It should be noted that vBF can be implemented using a set of single bloom
filters with sequential lookup of each BF. However, being able to concurrently
search all set-summaries is a big throughput advantage. In the library, certain
parallelism is realized by the implementation of checking all bloom filters
together.


Hash-Table based Set-Summaries
------------------------------

Hash-table based set-summary (HTSS) is another scheme in the membership library.
Cuckoo filter [Member-cfilter] is an example of HTSS.
HTSS supports multi-set membership testing like
vBF does. However, while vBF is better for a small number of targets, HTSS is more suitable
and can easily outperform vBF when the number of sets is
large, since HTSS uses a single hash table for membership testing while vBF
requires testing a series of Bloom Filters each corresponding to one set.
As a result, generally speaking vBF is more adequate for the case of a small limited number of sets
while HTSS should be used with a larger number of sets.

.. _figure_membership6:
.. figure:: img/member_i6.*

  Using HTSS for Attack Signature Matching

As shown in the above figure, attack signature matching where each set
represents a certain signature length (for correctness of this example, an
attack signature should not be a subset of another one) in the payload is a good
example for using HTSS with 0% false negative (i.e., when an element returns not
found, it has a 100% certainty that it is not a member of any set).  The packet
inspection application benefits from knowing right away that the current payload
does not match any attack signatures in the database to establish its
legitimacy, otherwise a deep inspection of the packet is needed.

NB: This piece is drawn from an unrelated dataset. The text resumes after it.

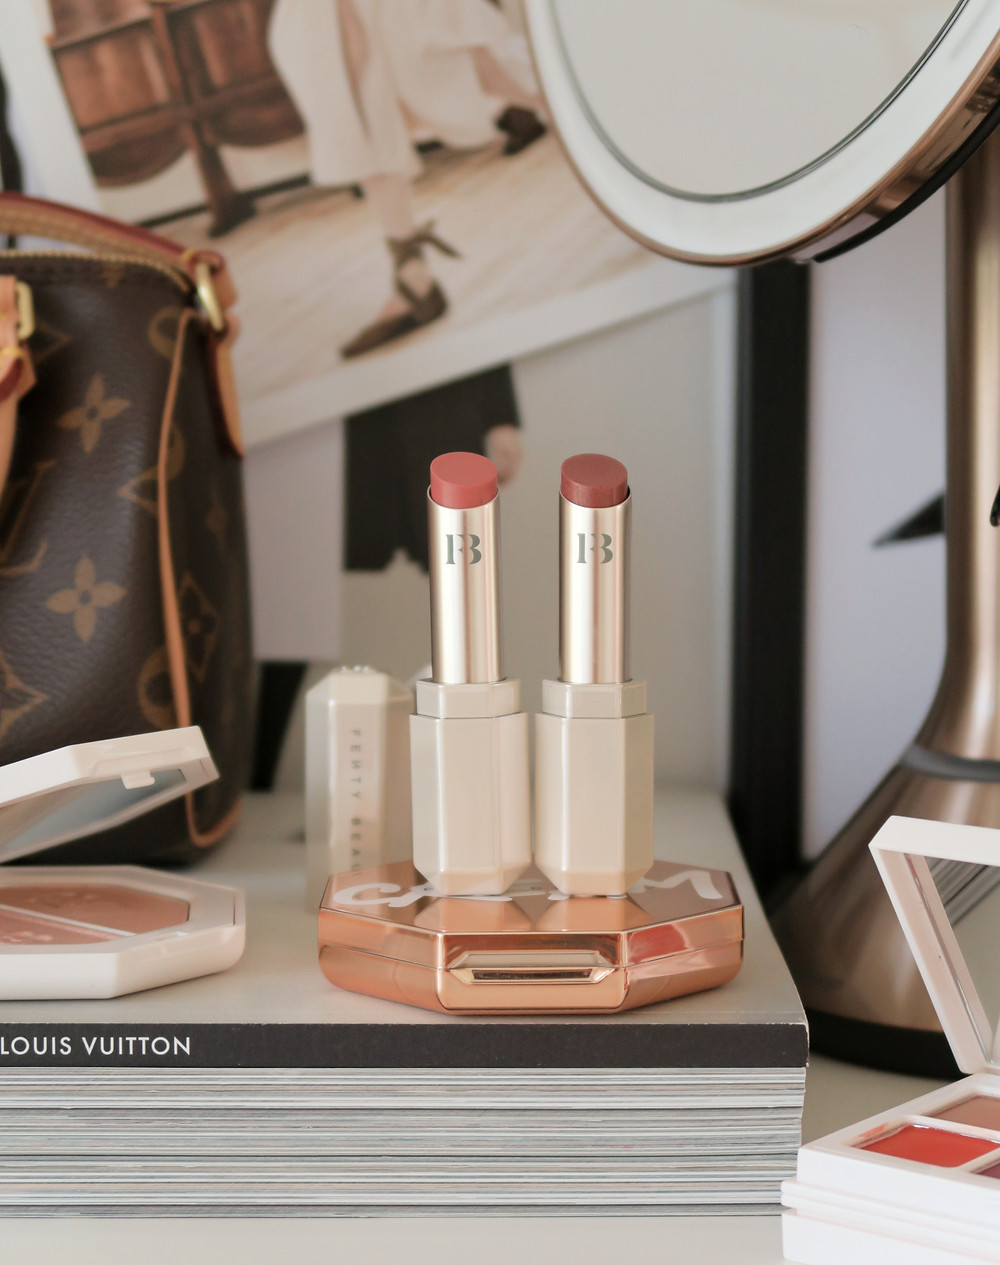 fenty beauty slip shine sheer shiny lipstick review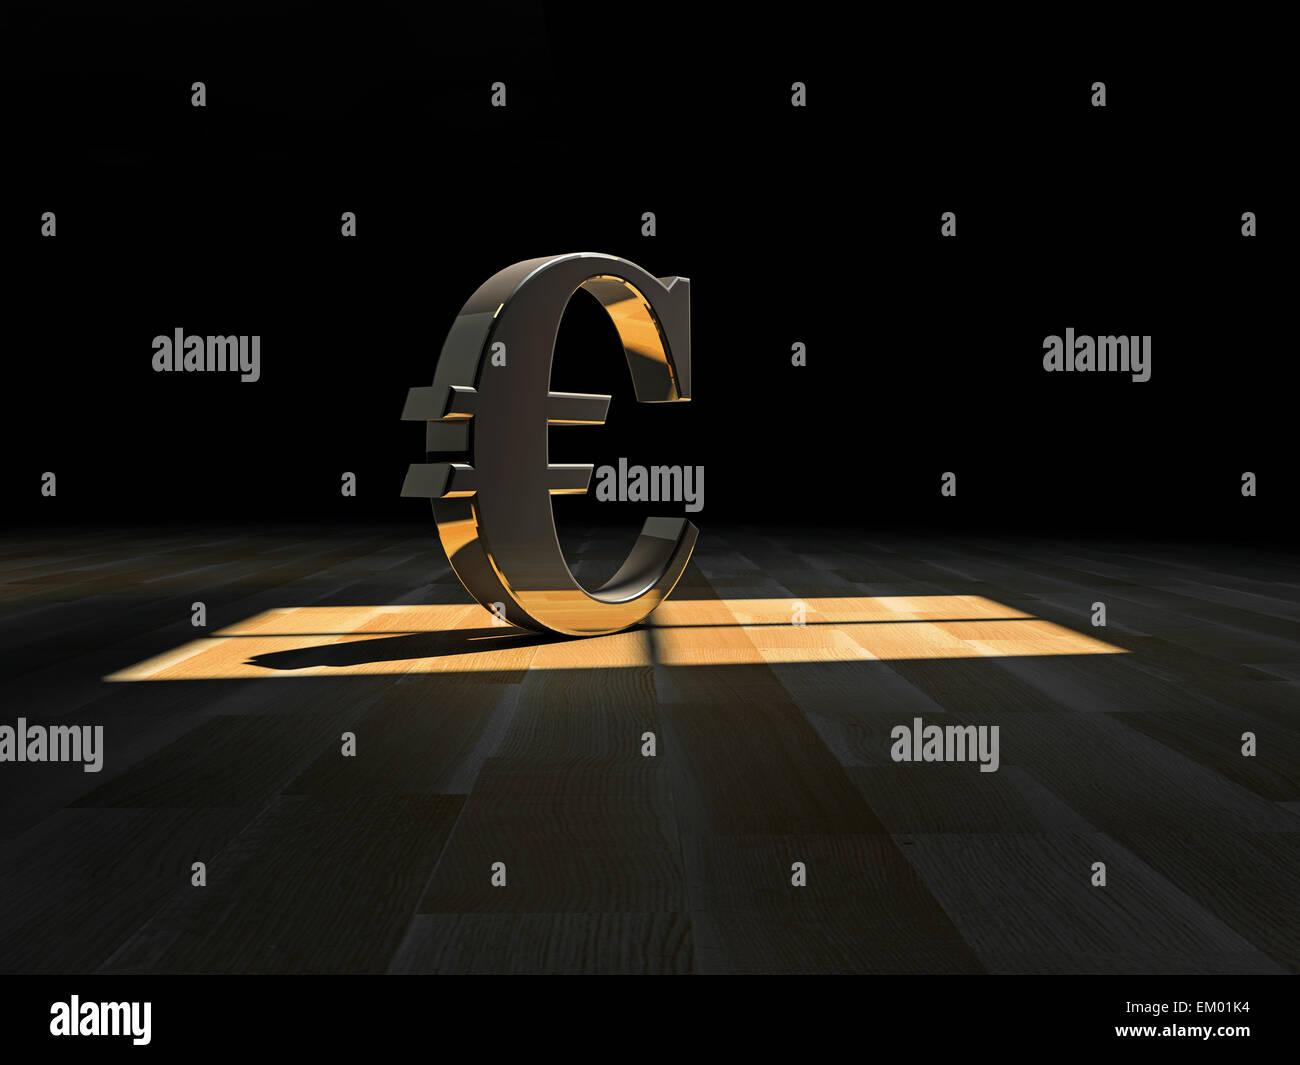 Euro symbol - Stock Image

HTSS employs a similar but simpler data structure to a traditional hash table,
and the major difference is that HTSS stores only the signatures but not the
full keys/elements which can significantly reduce the footprint of the table.
Along with the signature, HTSS also stores a value to indicate the target set.
When looking up an element, the element is hashed and the HTSS is addressed
to retrieve the signature stored. If the signature matches then the value is
retrieved corresponding to the index of the target set which the element belongs
to. Because signatures can collide, HTSS can still has false positive
probability. Furthermore, if elements are allowed to be
overwritten or evicted when the hash table becomes full, it will also have a
false negative probability. We discuss this case in the next section.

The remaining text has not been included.